School officials are monitoring student enrollment
By Kim Walter
The administrative staff of Shenandoah County Public Schools is paying close attention to student enrollment numbers as the start of a new school year approaches.
Most numbers are in line with where they’ve been in recent years, but a few reports concerning kindergarten and middle school enrollment raised concerns during last week’s Shenandoah County School Board meeting.
Stacey Leitzel, director of elementary education, reported that as of Aug. 8, kindergarten enrollment numbers were 97 at Ashby Lee, 157 at Sandy Hook, and 203 at W.W. Robinson.
Ashby Lee doesn’t seem to be facing a huge change from last year’s kindergarten class, but Sandy Hook and W.W. Robinson have 15 more students enrolled than they did at the same time last year.
W.W. Robinson is the only elementary school with more than 200 students in three separate grades — kindergarten, first and second. Even with 10 teachers to each of those grades, class sizes would still average more than 20 students.
Leitzel said that several years ago the School Board had hoped to keep elementary class sizes at no more than 17 students to every teacher, but that ideal ratio can’t happen with the current numbers.
Dr.

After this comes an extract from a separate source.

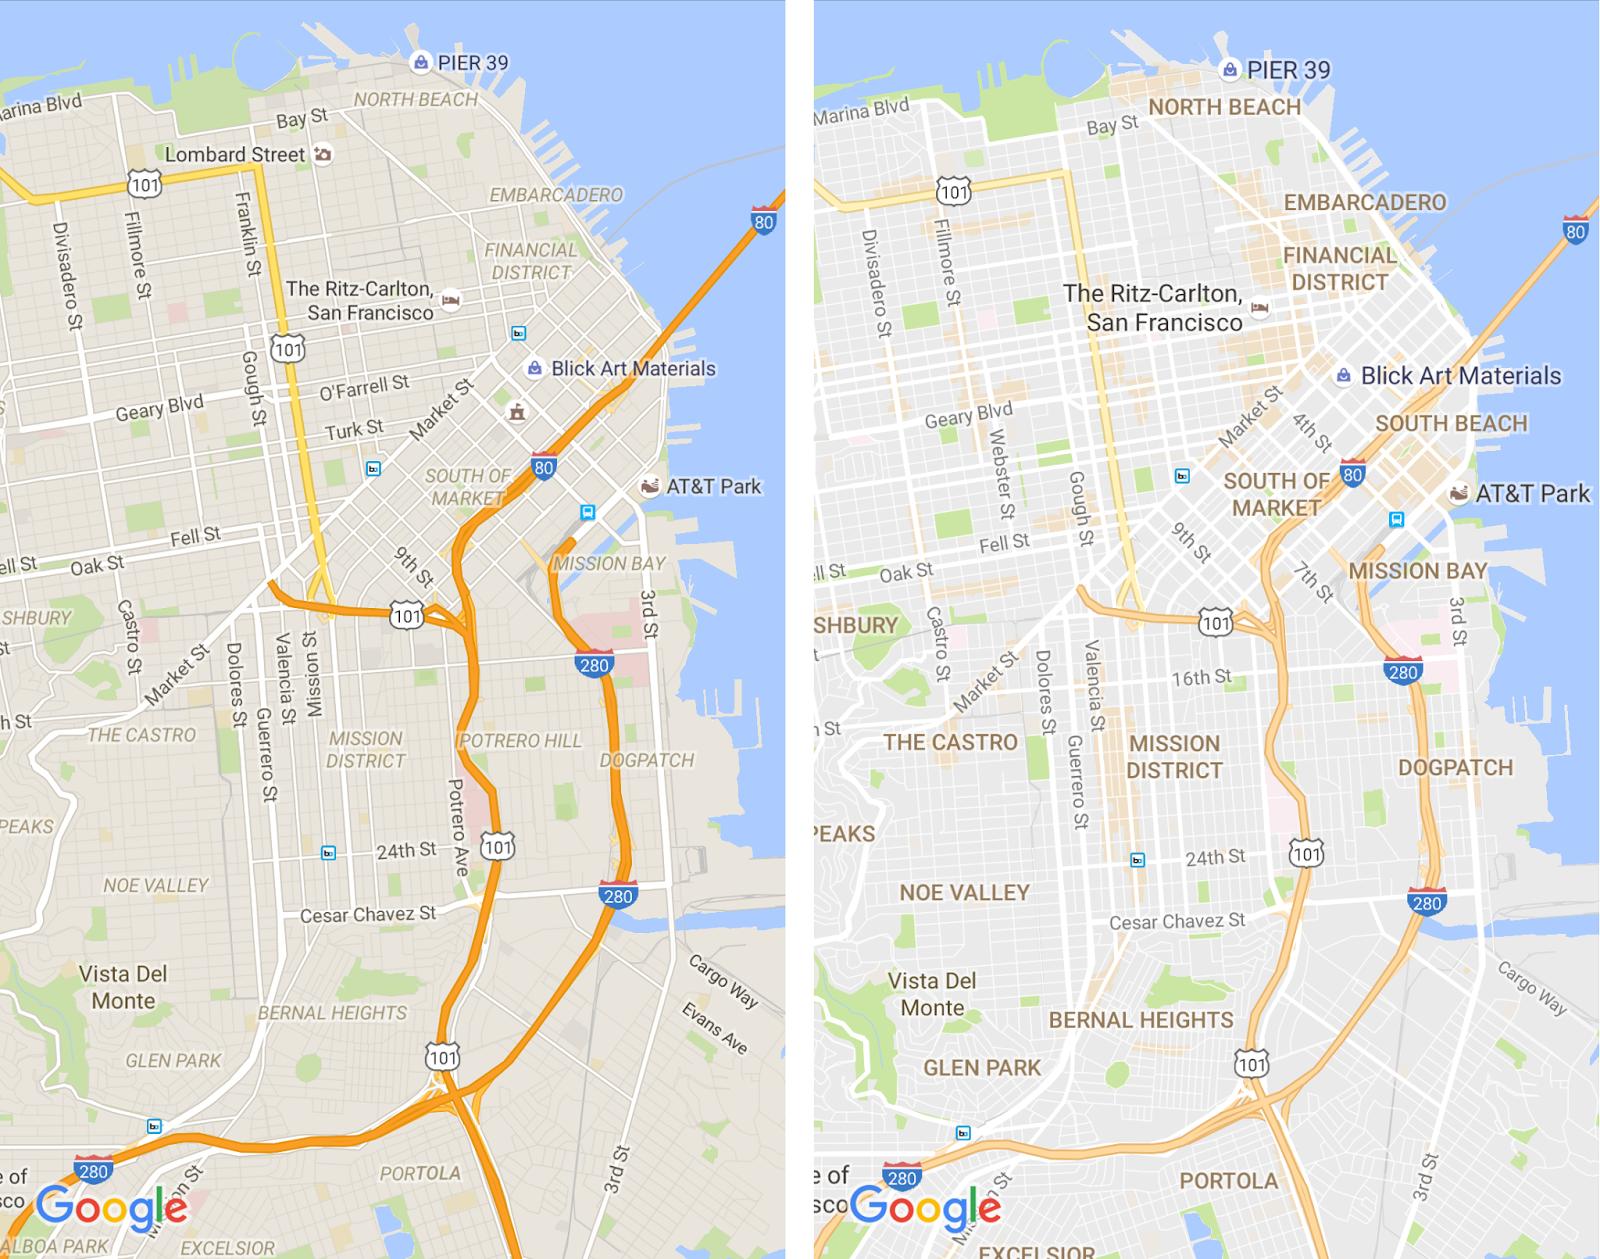 google-maps-visibilite-2016

Kevin Castner, interim superintendent, asked Leitzel if the enrollment numbers and projected class sizes were acceptable.
“Personally, no, not at all,” she said. “But it’s the reality.”

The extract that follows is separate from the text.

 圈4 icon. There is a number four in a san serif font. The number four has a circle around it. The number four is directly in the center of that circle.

School Board member Kathryn Holsinger referenced discussions during budget season that suggested having some funding for additional staff, if necessary.
“Especially with the younger grades, I get very concerned when it gets up to 20 or more kids per adult,” she said.
Leitzel said instructional aides are available to the younger grades in all elementary schools, but their time is split throughout the day between classrooms. Holsinger asked if adding aides would be possible.
With school starting Sept. 3, Leitzel said she wanted to wait a little longer to see how the numbers go. Oftentimes, the first day of school reveals a different total enrollment than was projected, she said.
“We don’t want to wait too long, because then it becomes harder to find a teacher,” she said. “But if I had to find more help, I would only wait until a week before school starts.”
Castner went on to point out another number that stuck out to him. Peter Muhlenburg Middle School currently has an increased total enrollment by 28 students.
“Whether it’s budgeted or not, to me, this is a red flag to which the school system should respond,” he said. “If you have 28 more kids than last year, you should add a teacher. Same goes for 28 fewer kids, you would take a position away.”
Castner said he wasn’t clear on his authority to make such changes, and asked the board members how they would like him to proceed with investigating the enrollment impact.
“It just really stood out to me from the other two middle schools,” he said. “I would like to speak with the principal and find out what she thinks about this increase.”
“I can contact every board member with my recommendation, or I can do what I need to do,” he said.
Board members agreed that Castner should pursue a closer look at the numbers, and asked that they be included in any decision before it is made final.
“If these numbers have an impact on teaching or learning, it’s the type of thing you’ve got to support,” Castner said. “We’ll keep an eye on it.”